[Tom Leinster, Exercise 1.3.31] A permutation of a set $X$ is a bijection $X \rightarrow X$. Write Sym$(X)$ for the set of permutations of $X$. A total order on a set $X$ is an order $\leq$ such that for all $x, y \in X$, either $x \leq y$ or $y \leq x$; so a total order on a finite set amounts to a way of placing its elements in sequence. Write Ord$(X)$ for the set of total orders on $X$. Let $\mathscr{B}$ denote the category of finite sets and bijections. (a) Give a definition of Sym on maps in $\mathscr{B}$ in such a way that Sym becomes a functor $\mathscr{B} \rightarrow$ Set.

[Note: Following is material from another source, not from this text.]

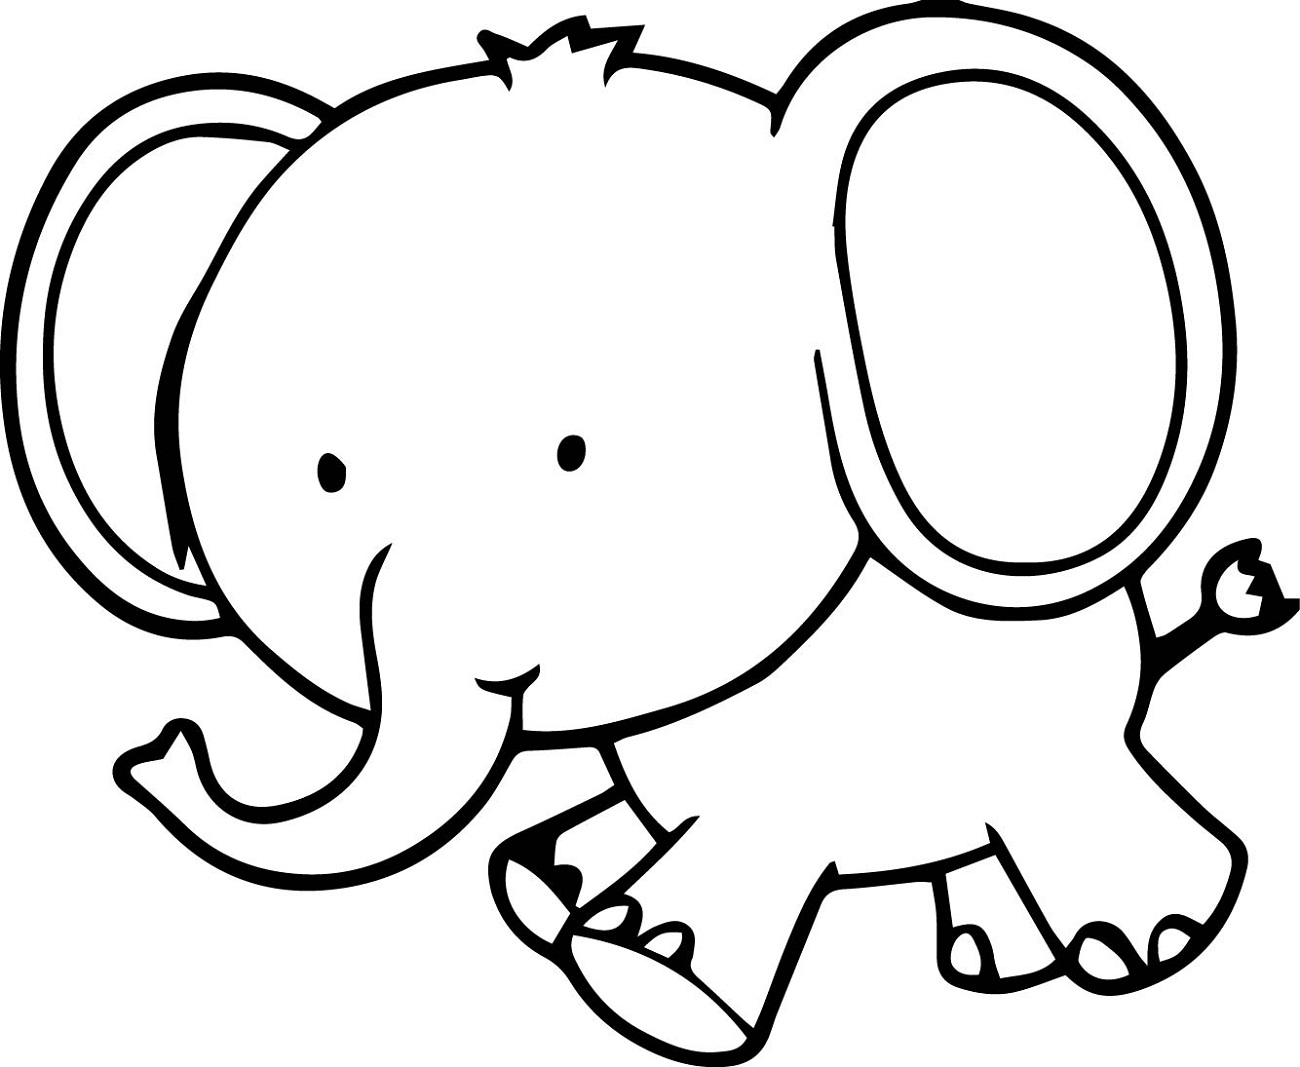 Baby Elephant Coloring Pages for Kindergarten | Activity ...

Do the same for Ord. Both your definitions should be canonical (no arbitrary choices). (b) Show that there is no natural transformation Sym $\rightarrow$ Ord. (Hint: consider identity permutations.) (c) For an $n$-element set $X$, how many elements do the sets Sym$(X)$ and Ord$(X)$ have? Conclude that Sym$(X) \cong Ord(X)$ for all $X \in \mathscr{B}$, but not naturally in $X \in \mathscr{B}$. (The moral is that for each finite set $X$, there are exactly as many permutations of $X$ as there are total orders on $X$, but there is no natural way of matching them up.)
I am aware of the similar question, but I solved it in this way...
Since $\mathscr{B}$ is category of finite sets and bijections, so if $X, Y \in \mathscr{B}$ such that there is a map $ f: X \rightarrow Y$, since $f$ is a bijection and $X$ and $Y$ are finite sets, hence $|X| = |Y|$. So Sym$(X)$ $=$ Sym$(Y)$ $\in$ Set, where Set is the category of sets. Hence, I think $(?)$ that Sym$(f)$ is nothing but identity morphism on Sym$(X)$. But I can't understand what Ord$(f)$ should be. I know that $|$ Ord $(X)$ $|$ $=$ $n!$, if $|X| = n$, but I don't know how to proceed. Also, I don't understand how to solve the part (b), even using the hint.
It will be beneficial if someone helps me to solve the problem and clarify my doubts.
Thanks in advance!